Sunday Musings – October 23, 2022
Attachments/addictions/compulsions
The world is often not as many of us dictate it should be to accommodate our wants, needs and comfort level. Often, we decide to avoid dealing with our disappointments or the pain of some parts of this life journey by drinking alcohol, doing other drugs, shopping, seeking frequent sexual pleasure, money, power or getting angry. Those who find an avoidance technique that works at least temporarily often continue to repeat a behavior until it becomes part of one’s muscle memory. The avoidance behavior or technique which works depends, in part, on how our particular brain is engineered. Each of our brains are engineered in a unique way despite the basic structural similarities. For example, if I drink more than a small amount of alcohol, I get immediately physically sick. I have no tolerance. Yet for many years I had a significant tolerance for nicotine. For a tme, anger and blaming others did provide consistent temporary relief from uncomfortable emotions. Although I was not, to myself, admitting that I was using anger to avoid uncomfortable situations, I later realized I sometimes did. I also attempted to keep myself and my home clean and neat as if taking control of one area of life alleviated some of the powerlessness I felt in other areas of my life.
Whether we call repeated, short term avoidance behavior attachment, addiction or habit may not matter. Although there is an increased body of research regarding addiction to alcohol and other drugs, I am convinced that we may eventually discover that there is significant similarity among various, repeated behaviors which help one avoid dealing with life on life’s terms. Some of the similarities are:
o Repeating the behavior until it becomes embedded in muscle memory.
o Enough short-term reward to result in one repeating the behavior
o Compulsive/obsessive need to keep repeating the behavior.
o Blaming people, places and situation for one’s behavior.
o Repeating behavior, no matter how it affects others and how much it violates one’s core values.
o Often neglecting one responsibilities and commitments.
o Lying to oneself and to others.
The healing process is similar for all these behaviors and includes:
o A daily/hour/minute decision to choose an alternative, healthier behavior.
o The support of loving people who understand the nature of the “dis ease” and disease.
o Not allowing “relapses” to prevent one returning to one’s particular recovery program.
o Some system for being accountable but not shaming self for the hurts one’s caused oneself and others.
o A return to dependence on one’s core values.
o Consistent belief that one should and can deal with discomfort and pain - physical, emotional and spiritual.
o Gas stations to fill up one’s emotional, physical, and spiritual gas tanks.
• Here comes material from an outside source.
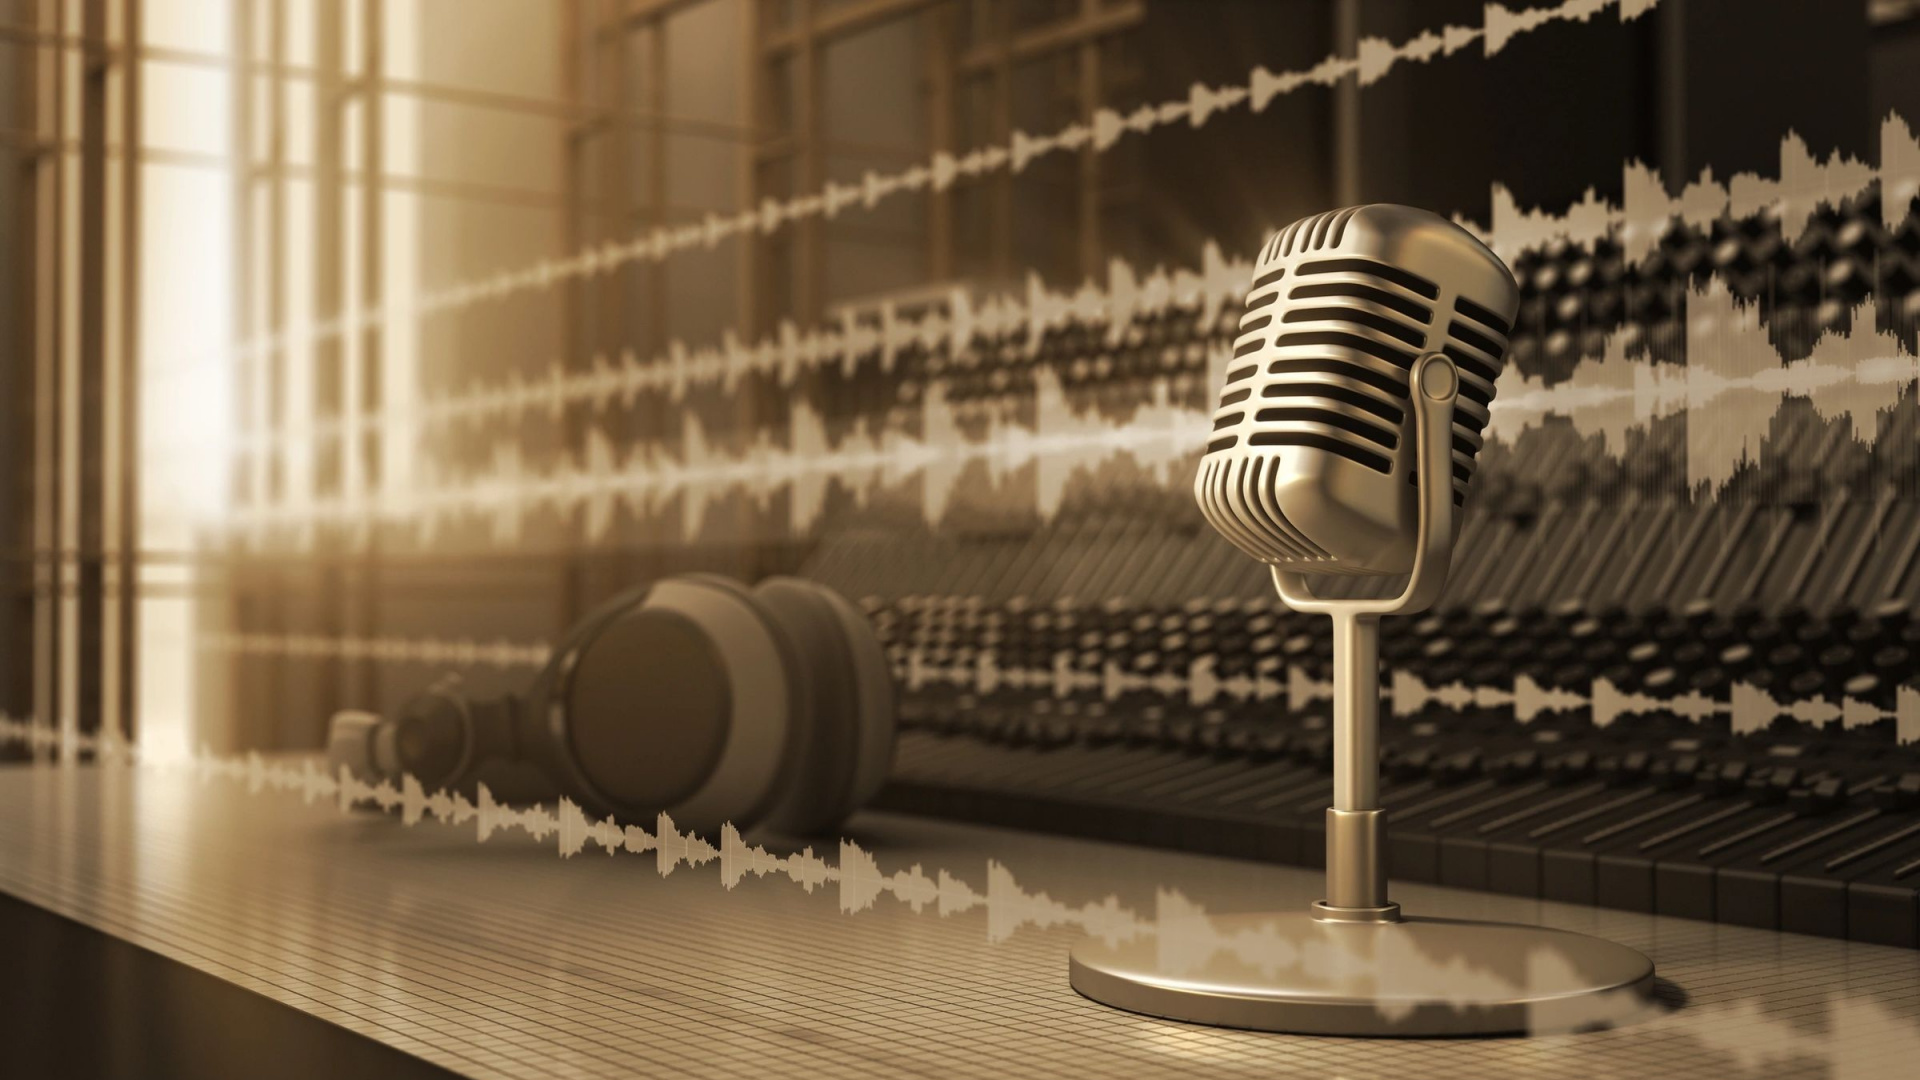 Podcast, Radio, Microphone, Audio Equipment, Recording Studio. Wallpaper in 1920x1080 Resolution

This may include mediation and other necessary medical treatment.
o The ability - financial, physical, nutritional and emotional - to access the healing resources one needs.
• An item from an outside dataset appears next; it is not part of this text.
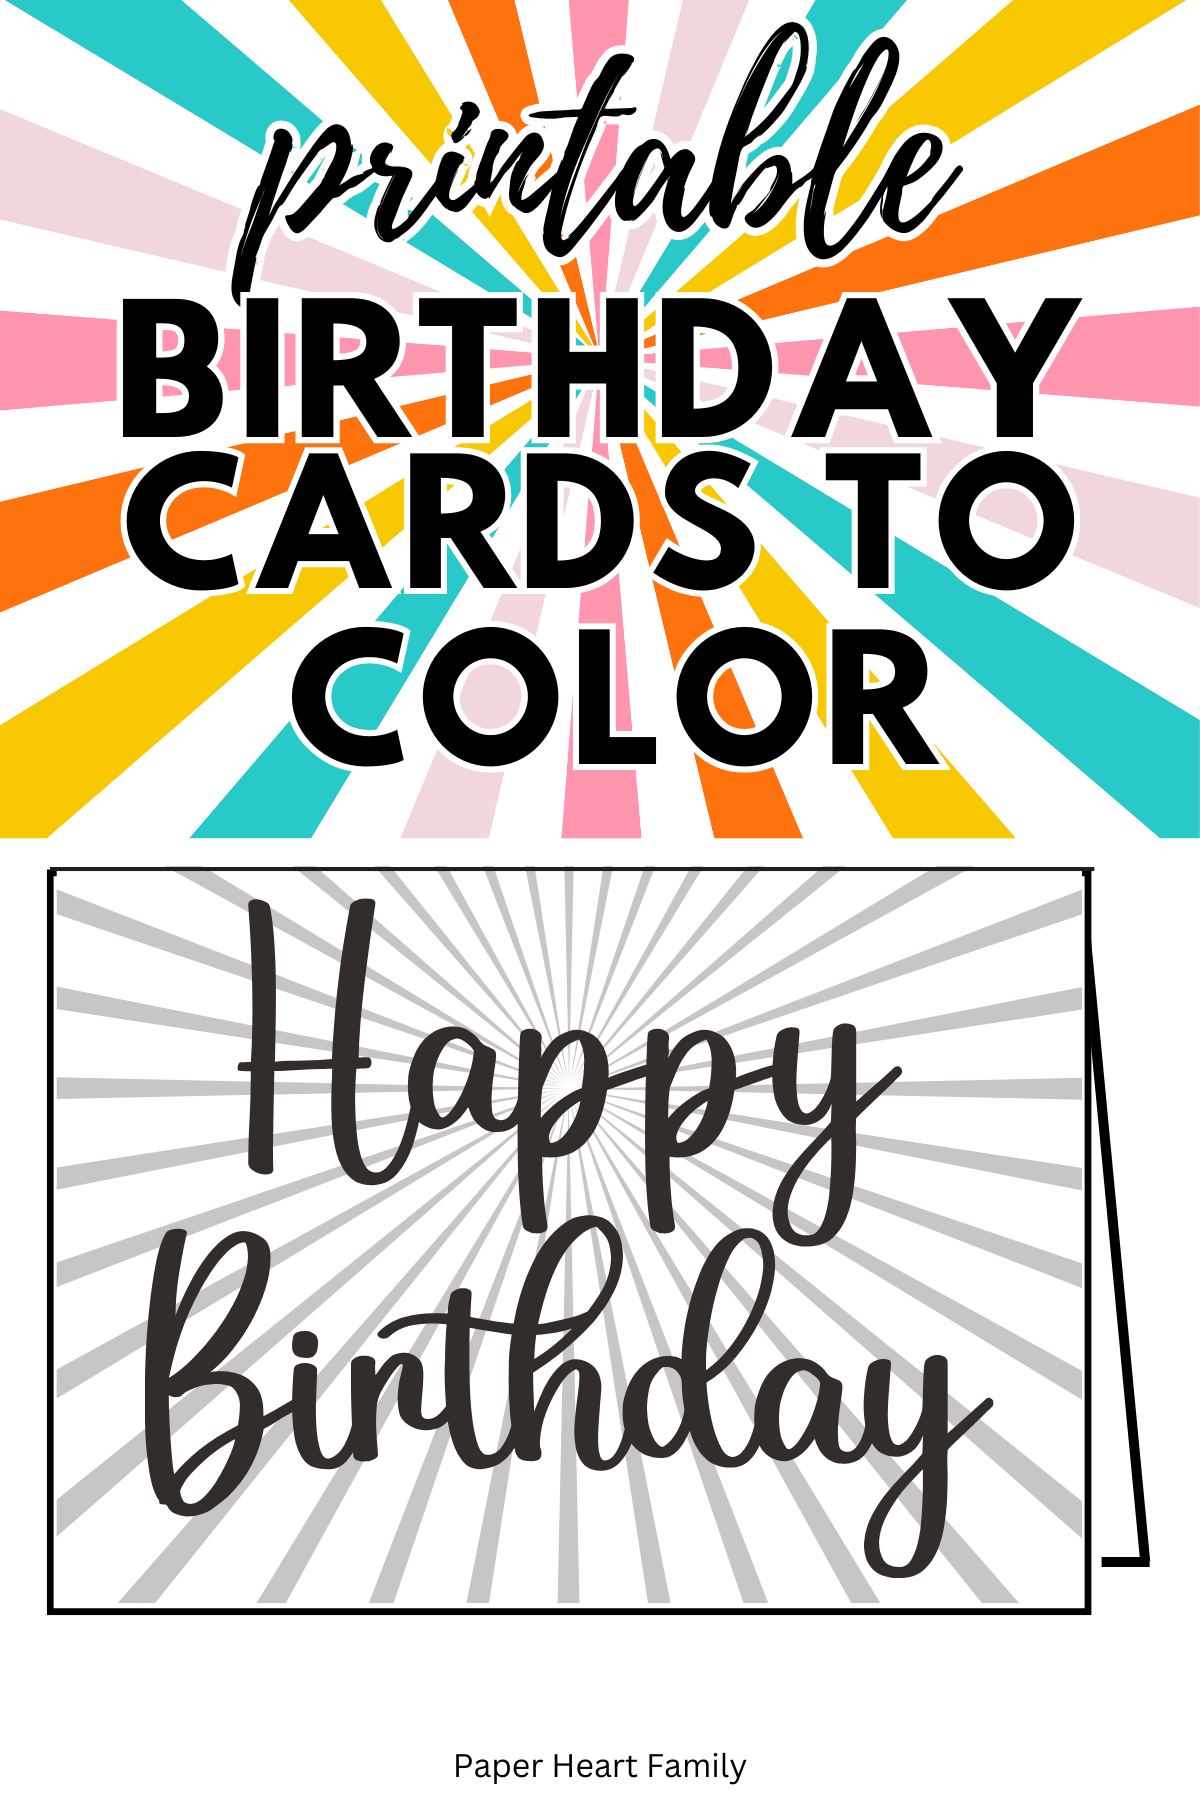 Birthday card with a sunburst

o The increasing ability to experience and focus on the positives of this life journey - the positives which sit alongside of the negatives of this life journey. If one only experiences negatives it is impossible to force oneself to consistently live with such pain.
Unless and until we, as members of healing profession, come to terms with these similarities we will continue to treat dysfunction/hurtful compulsive behavior by labeling people as bad, evil, sinful or less than. Currently although there is increased acceptance by some that addiction to alcohol and other drugs is a disease, too often:
o Individuals are diagnosed based on symptoms and the underlying disease is not identified or treated.
o Certain addictive/compulsive behavior or attachments are rank ordered with some being viewed as evil and others being viewed with a modicum of compassion. Compulsive/addicted sexual behavior is often judged as an evil choice and different than other ways of hurting self and others.
No one decides to become an addict or attached to a dysfunctional, hurtful way of living. One may decide or come to believe that one is too weak or fragile to deal with life on life’s terms. One may be treated as weak and powerless by parents or parent figures who themselves have not had an opportunity to heal from their own pain. One may thus come to internalize the belief one cannot deal with pain.
We all deserve to heal regardless of our addictions/attachments/compulsions which hurt us and others. When one person heals, we all benefit.